Colic 101: What It Is and What to Do

What Causes Colic?

What causes colic -- and why some babies experience it and others don't -- remains a mystery. Some doctors view it as a natural developmental stage that babies can go through as they adjust to all the different sensations and experiences that come with life outside the womb. (Dr. Karp calls this "the fourth trimester.") Others attribute it to an imbalance of bacteria in the gut.
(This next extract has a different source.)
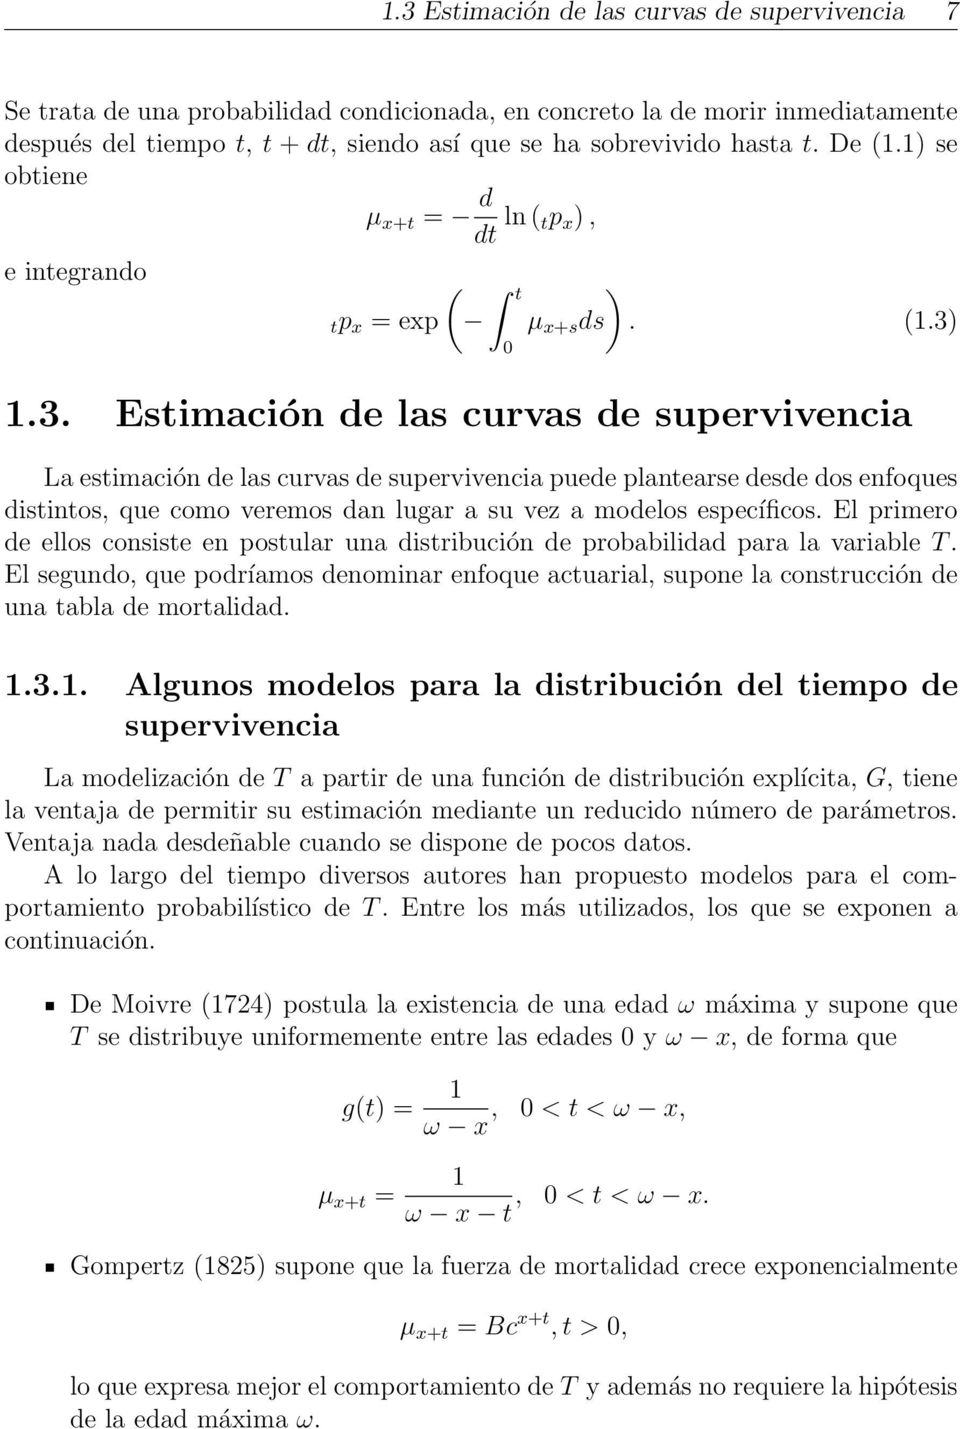 1.3. Estimación de las curvas de supervivencia La estimación de las curvas de supervivencia puede plantearse desde dos enfoques distintos, que como veremos dan lugar a su vez a modelos específicos.
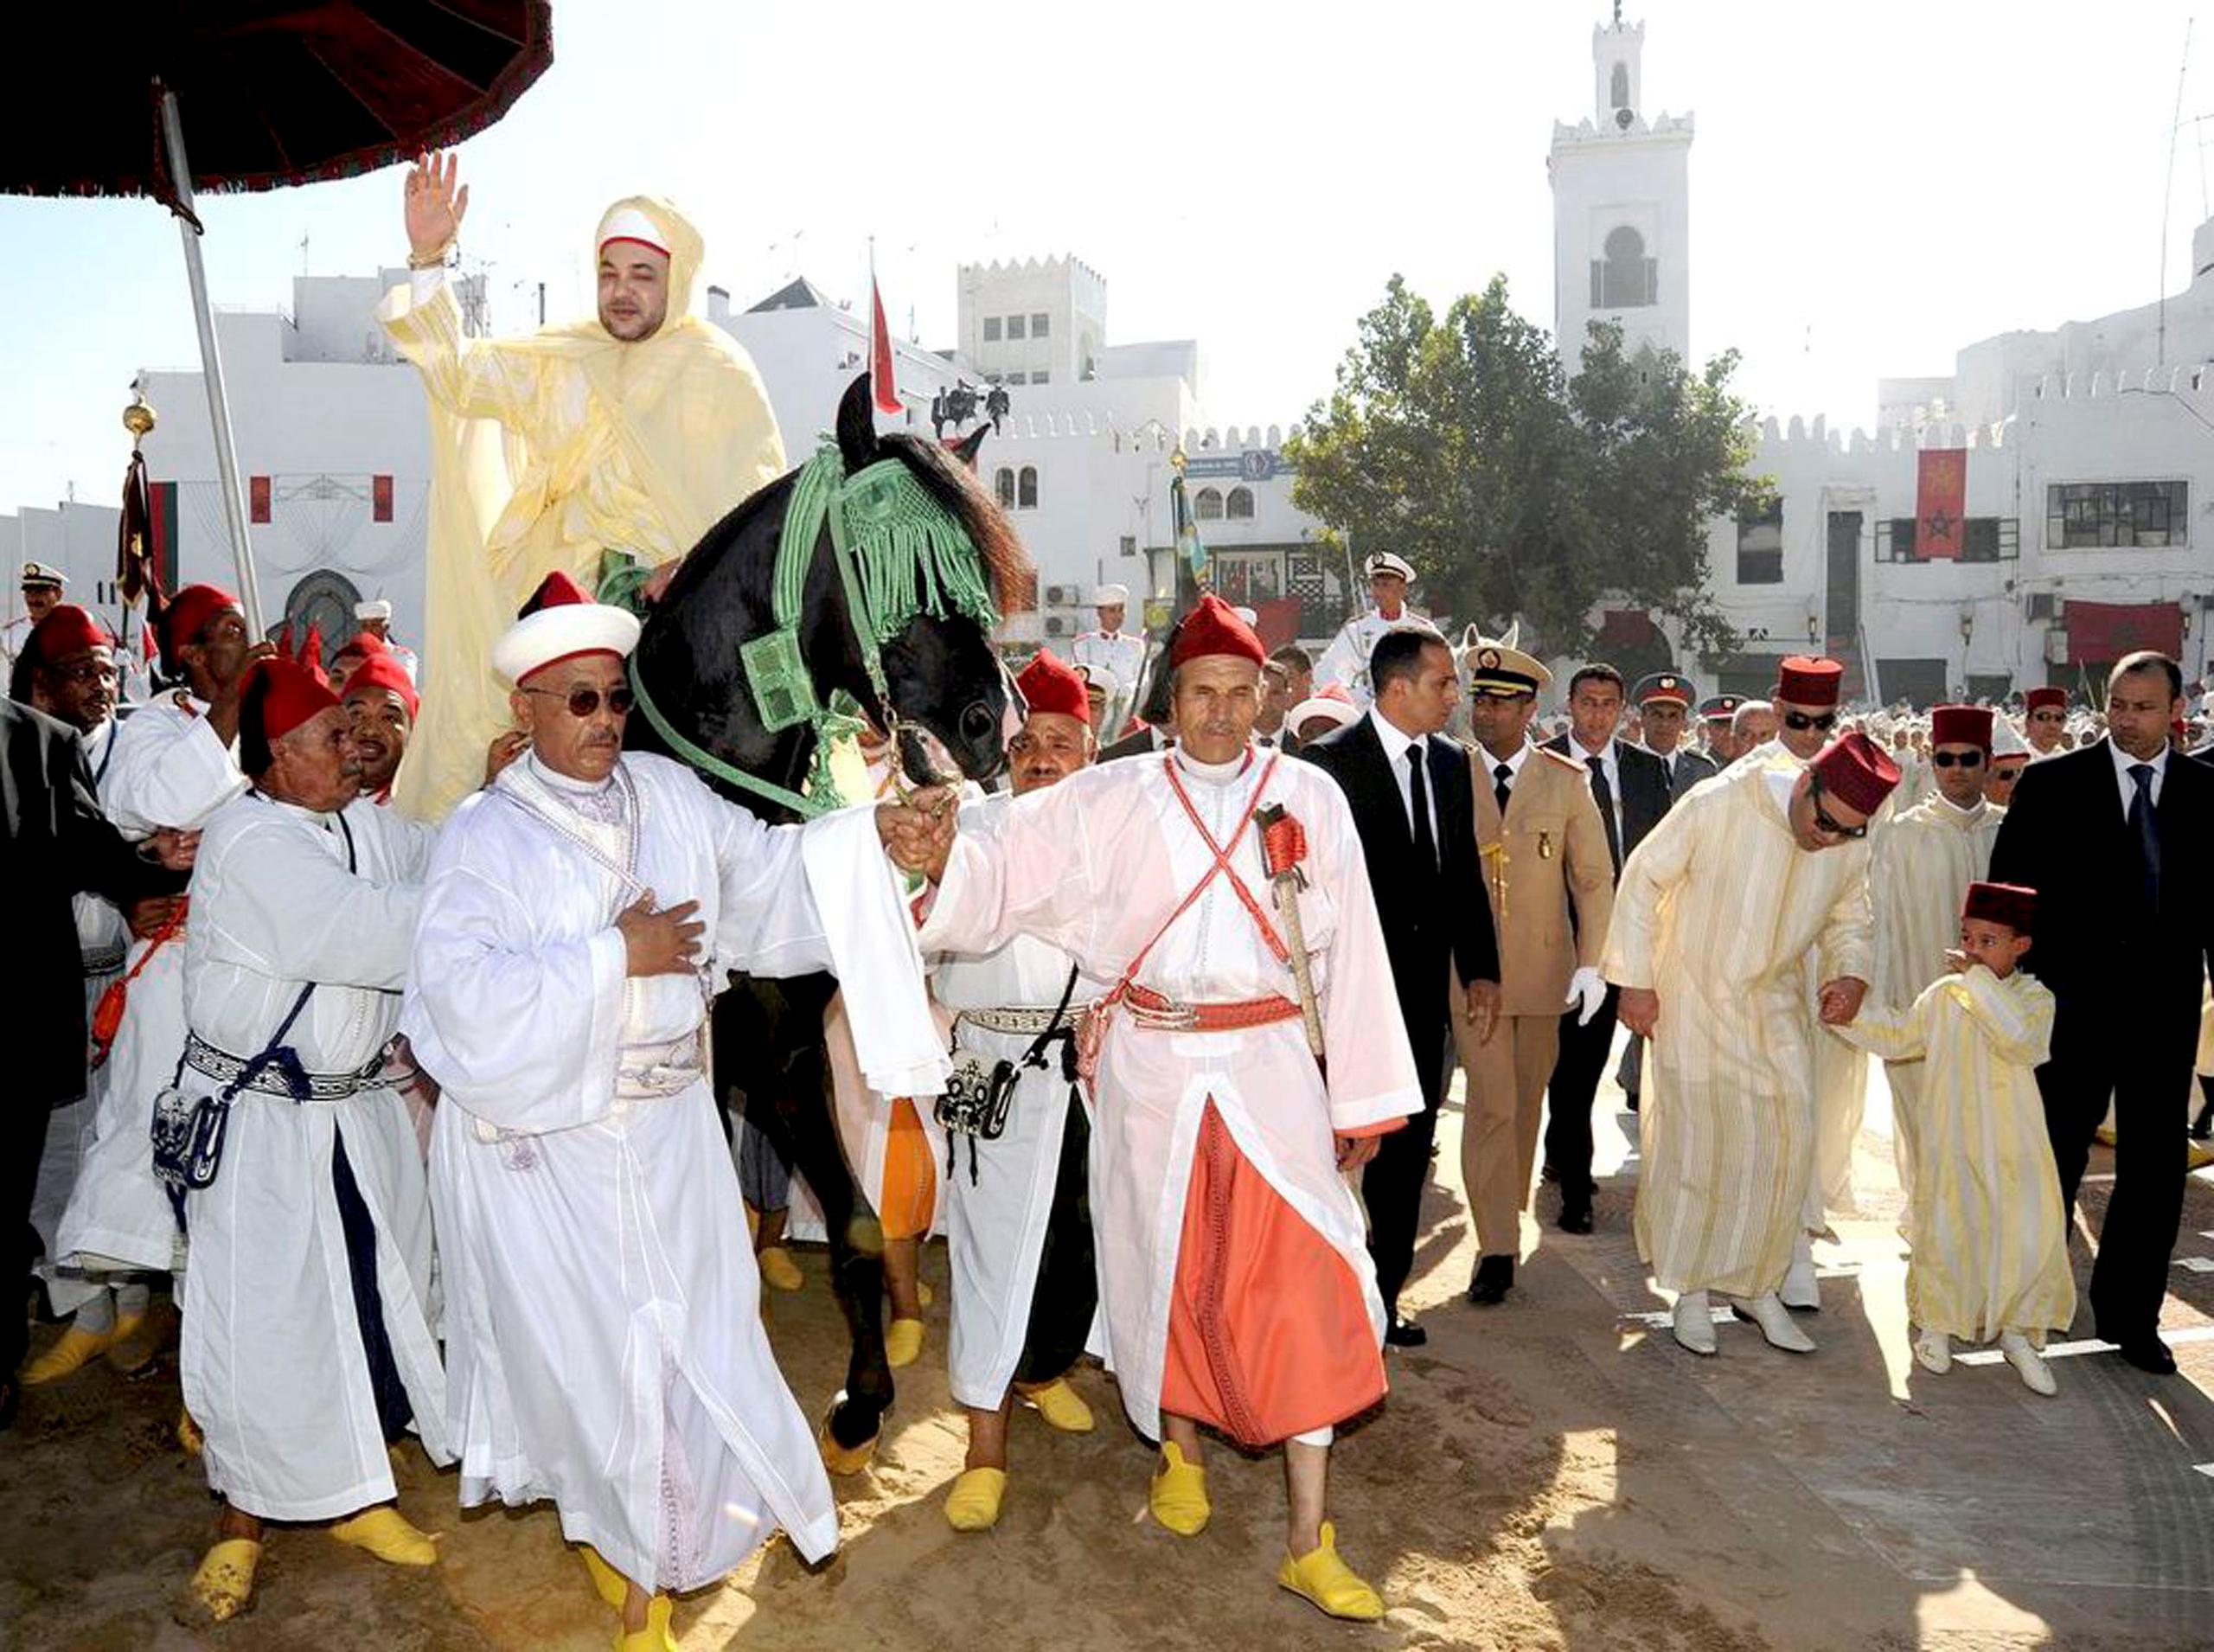 Imagen de archivo del rey de Marruecos, Mohamed VI durante la "beia", la ceremonia en la que los notables del reino le rinden pleitesía con motivo de la Fiesta del Trono. EFE/ZACARÍAS GARCÍA

Yet another theory is that colic stems from an imbalance of the brain chemicals melatonin and serotonin. Colicky babies might have more serotonin, which makes intestinal muscles contract, says Marc Weissbluth, MD, professor of clinical pediatrics at Northwestern University School of Medicine and author of Your Fussy Baby (Ballantine). (One reason colicky babies can fuss more at night, he explains, is that serotonin levels peak in the evening.) This imbalance, the theory goes, naturally resolves when babies start making melatonin, which relaxes intestinal muscles. Babies get ample melatonin from Mom in utero, but levels drop after birth until baby starts producing it on her own at 3 to 4 months -- interestingly, around the same time that colic typically disappears. "This hypothesis should reassure mothers that they didn't cause colic," Dr. Weissbluth says. "It takes away the guilt that you're doing something wrong and aren't able to soothe your baby."